**PROBLEM REQUIREMENTS**
Your output must be the lines below from the line containing "2020 Esoteric Virtues" to the line containing "Buy The Arduino Opla IoT Kit", both lines included, reproduced exactly and without pictures.
-- RECORDS TO USE follows --
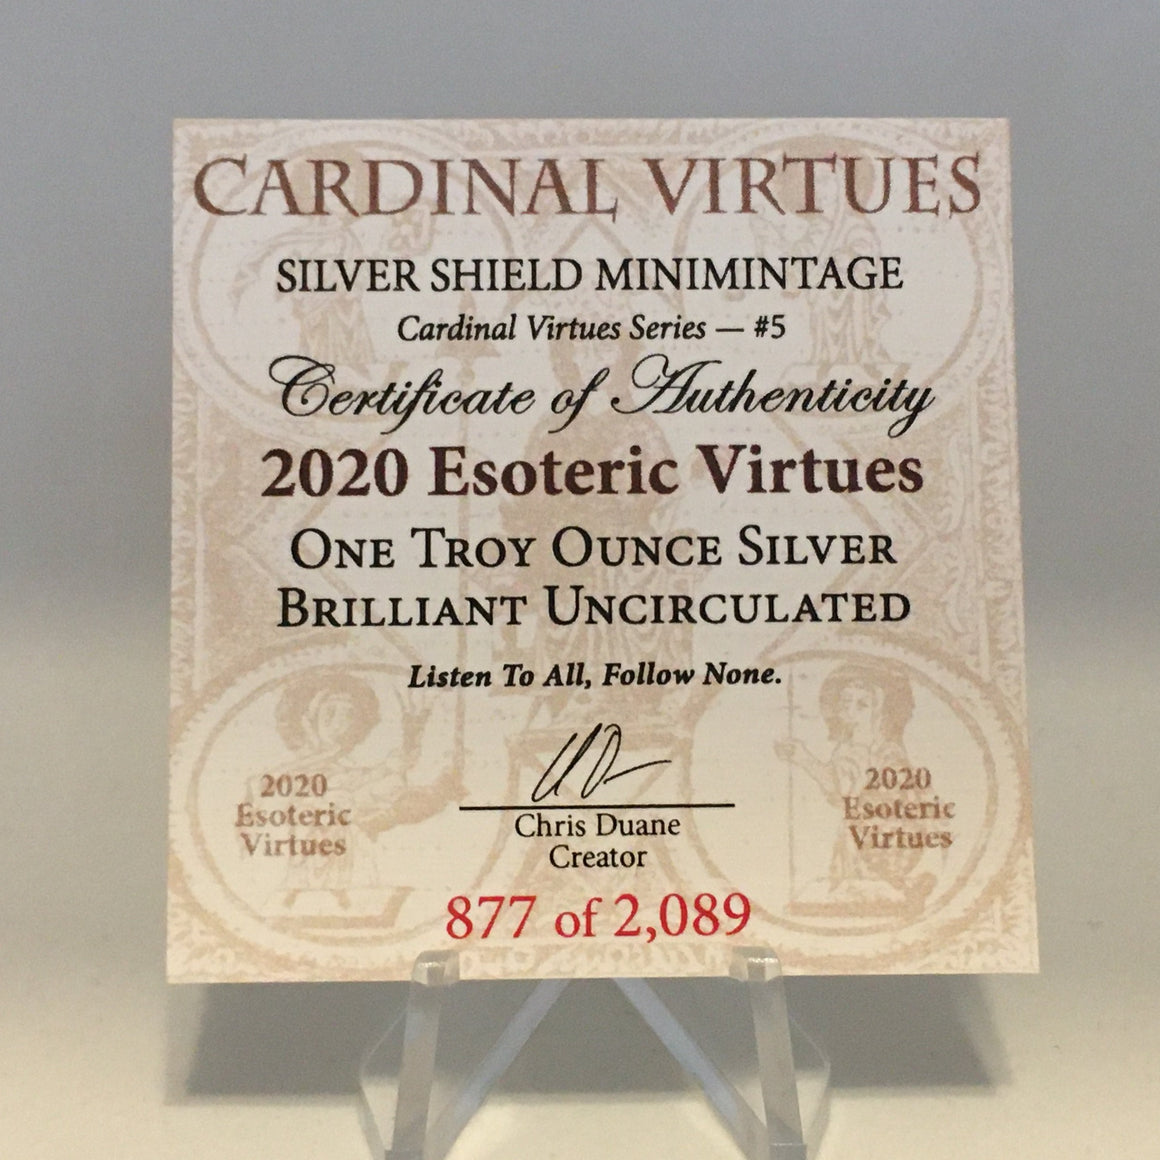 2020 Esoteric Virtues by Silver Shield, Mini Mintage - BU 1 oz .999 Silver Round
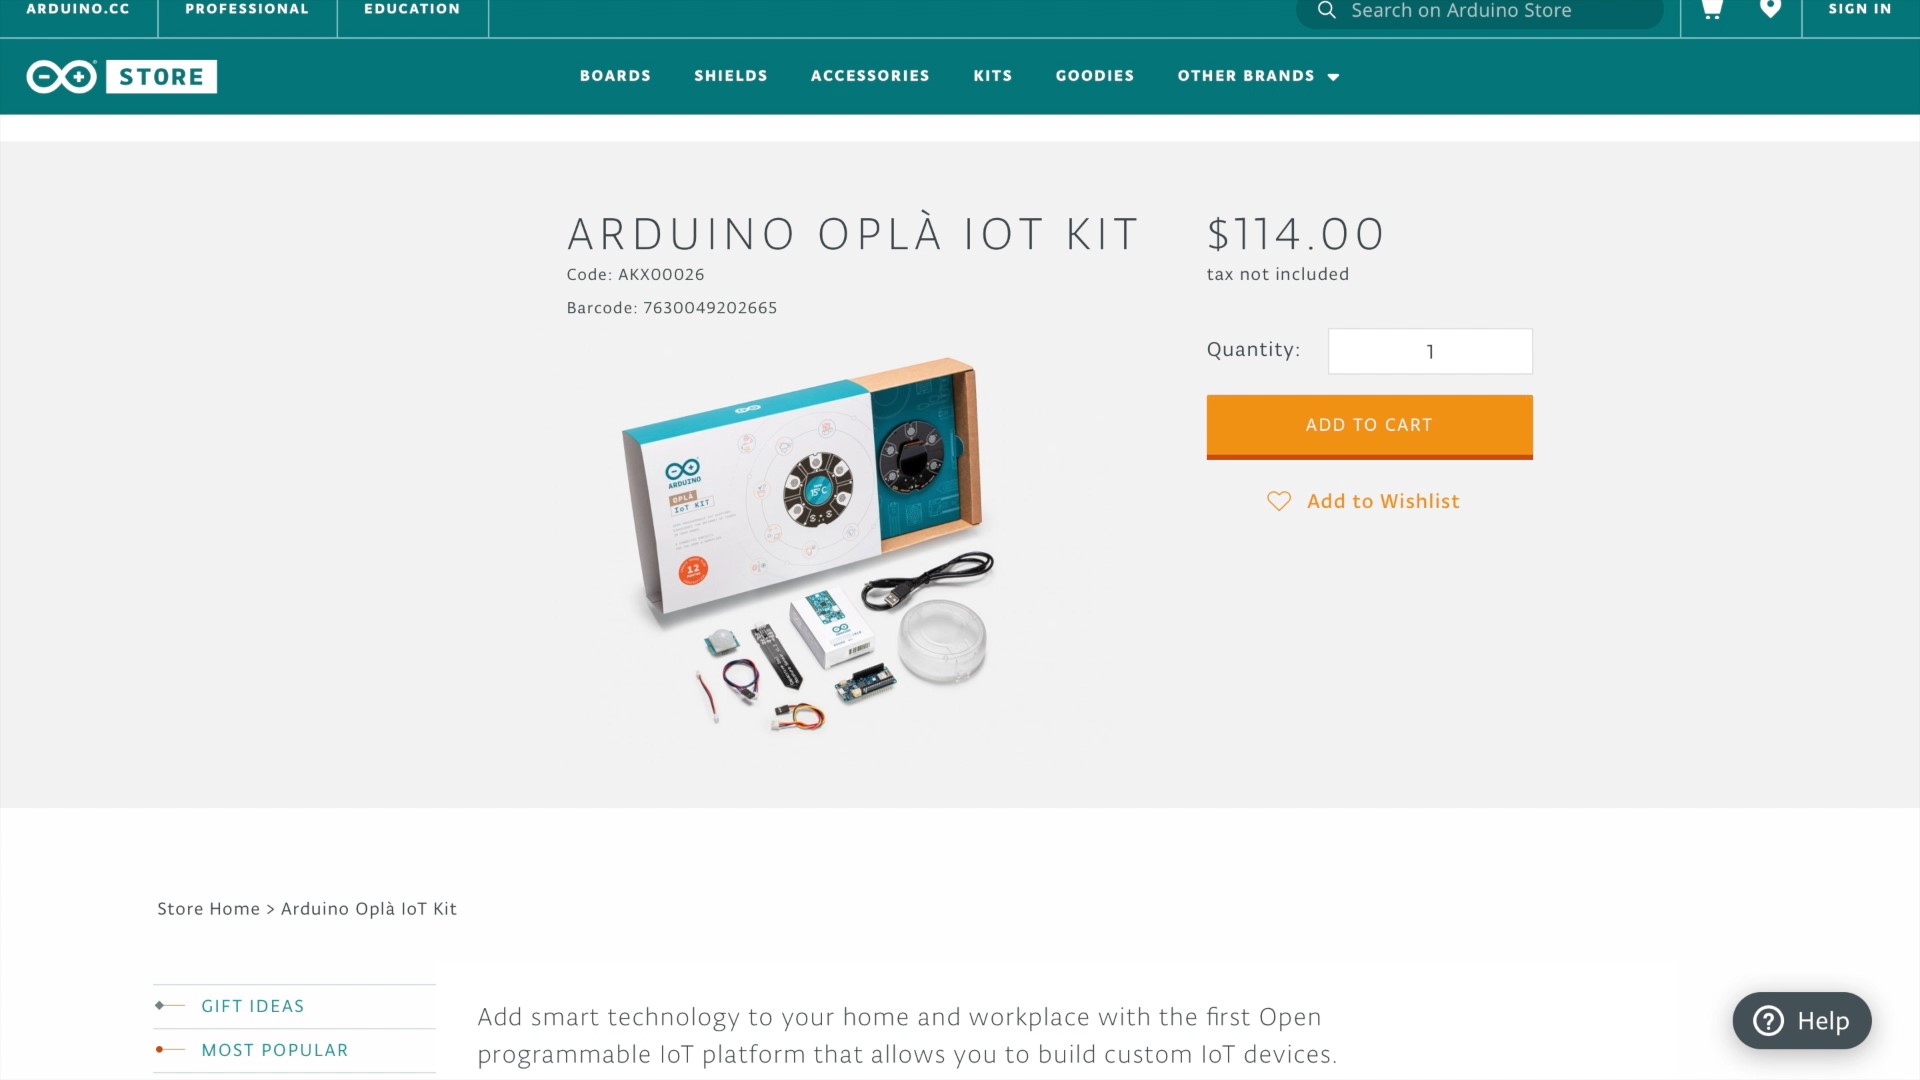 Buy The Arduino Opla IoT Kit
-- RECORDS TO USE concluded --
-- RECORDS TO USE follows --
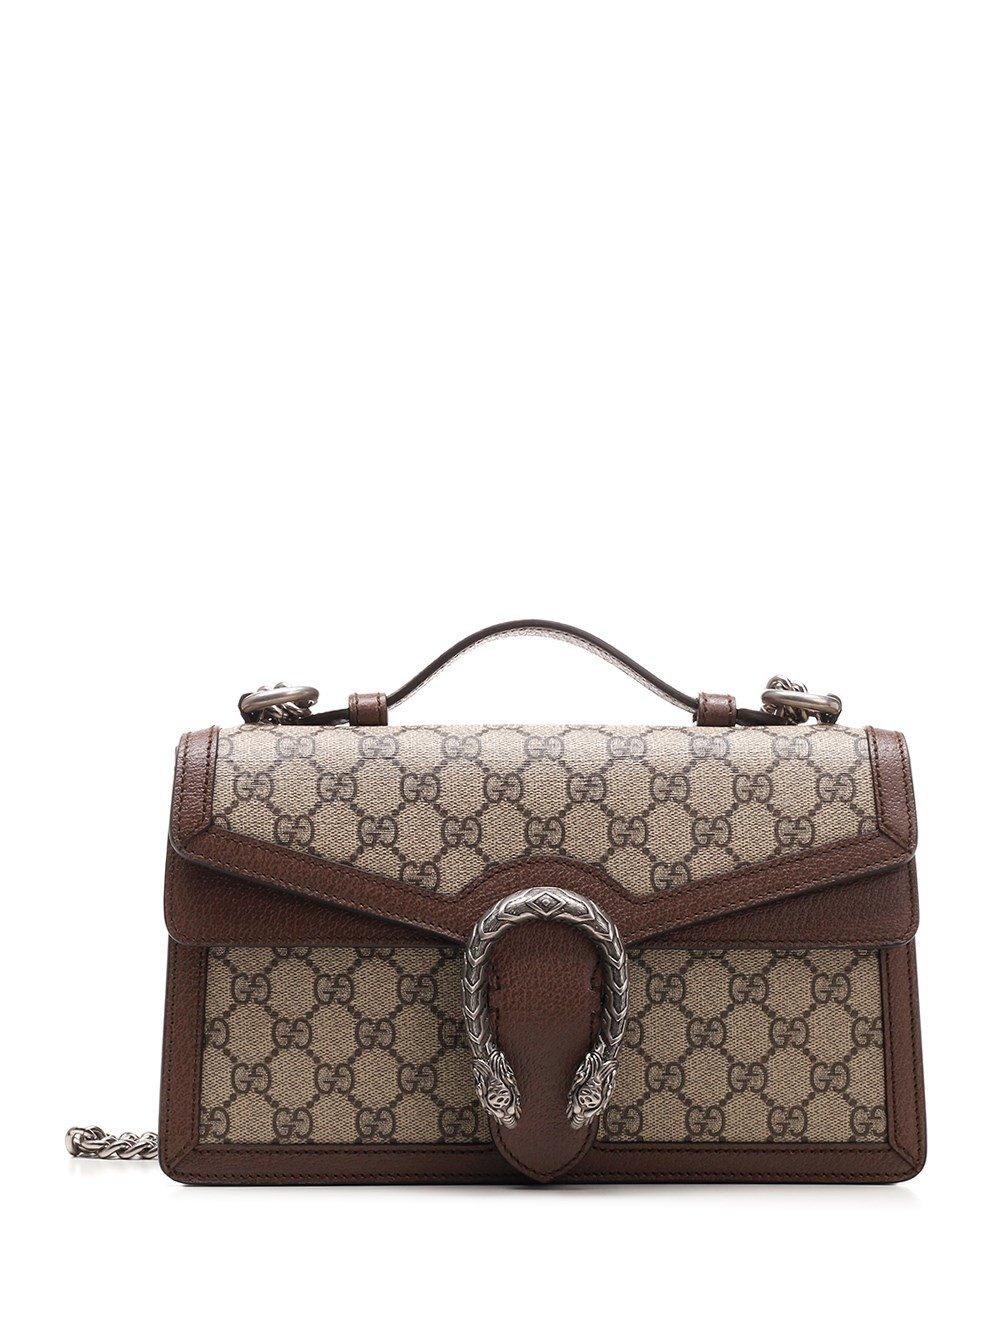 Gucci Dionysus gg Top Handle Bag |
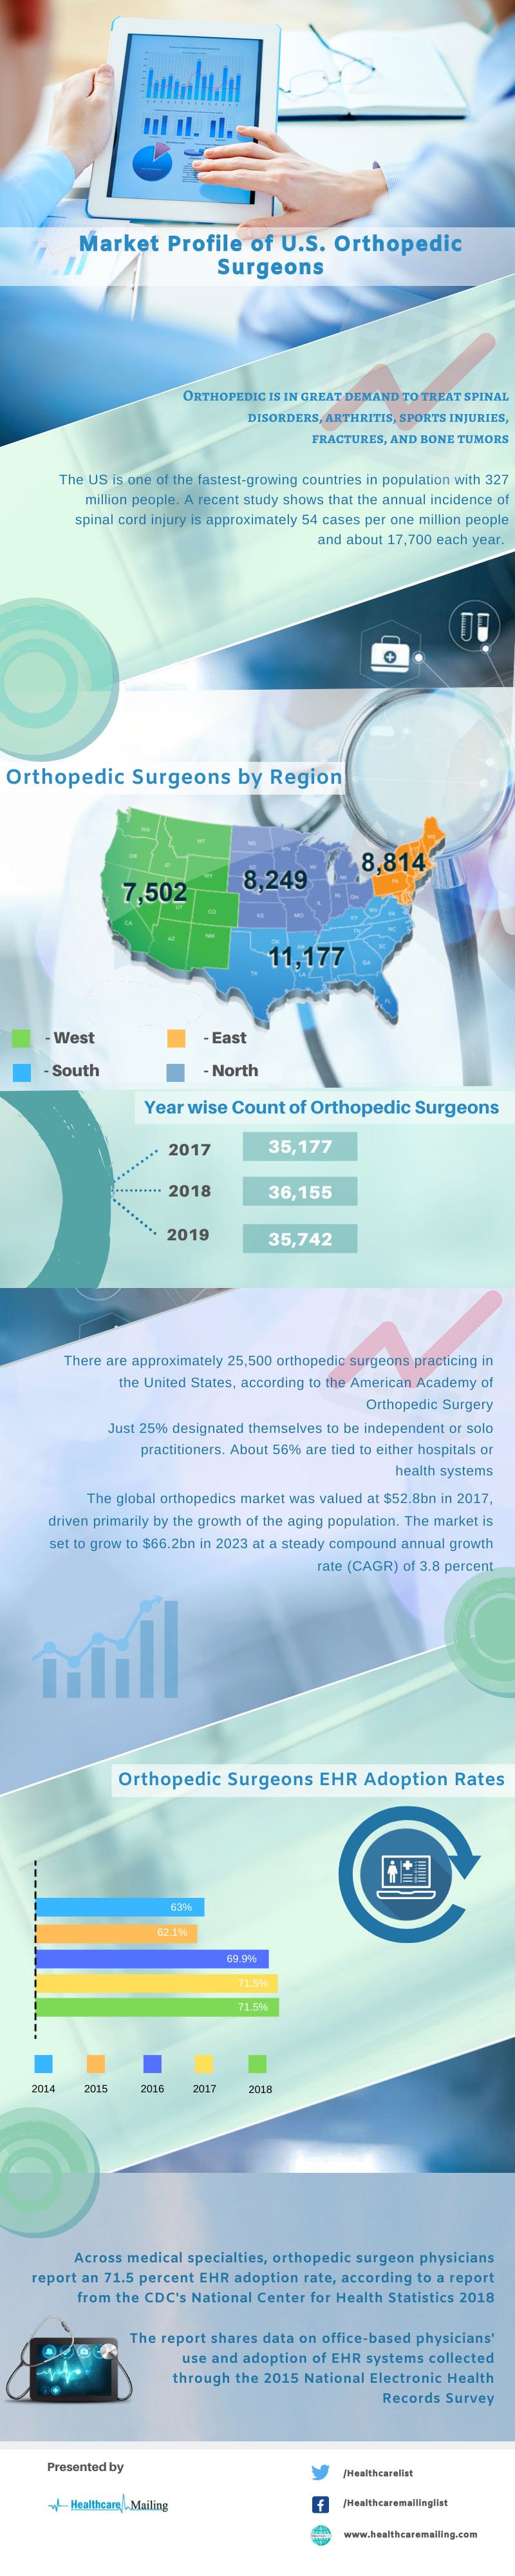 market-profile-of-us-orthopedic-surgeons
-- RECORDS TO USE concluded --
-- RECORDS TO USE follows --
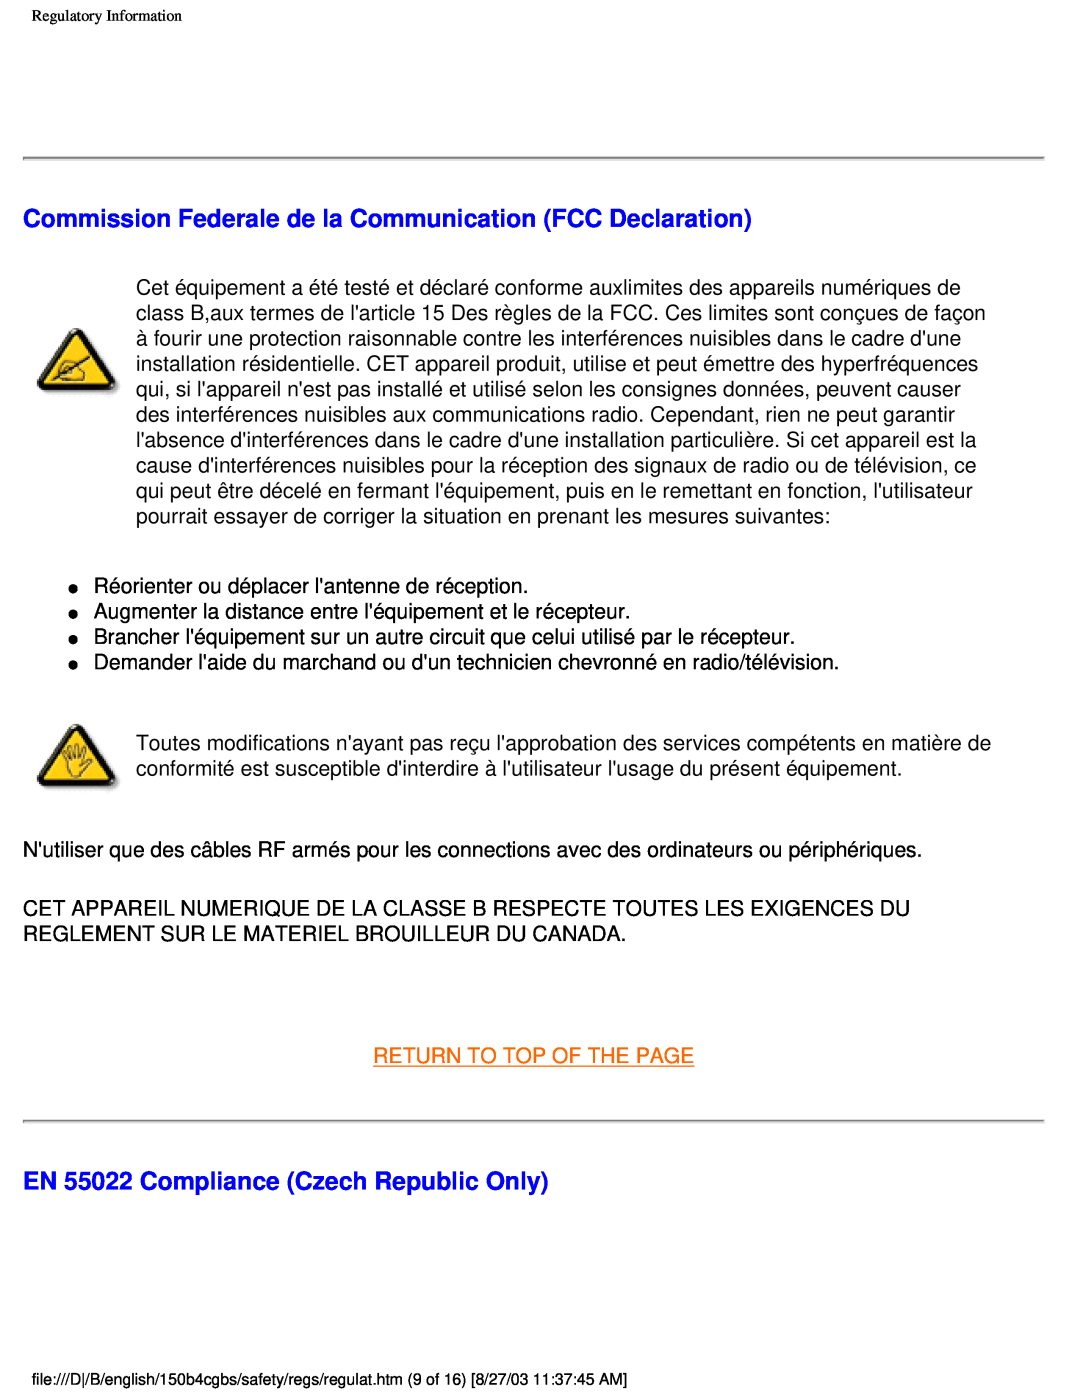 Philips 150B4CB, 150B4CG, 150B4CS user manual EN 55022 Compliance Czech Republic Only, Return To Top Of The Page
-- RECORDS TO USE concluded --
**OUTPUT**
 2020 Esoteric Virtues by Silver Shield, Mini Mintage - BU 1 oz .999 Silver Round
 Buy The Arduino Opla IoT Kit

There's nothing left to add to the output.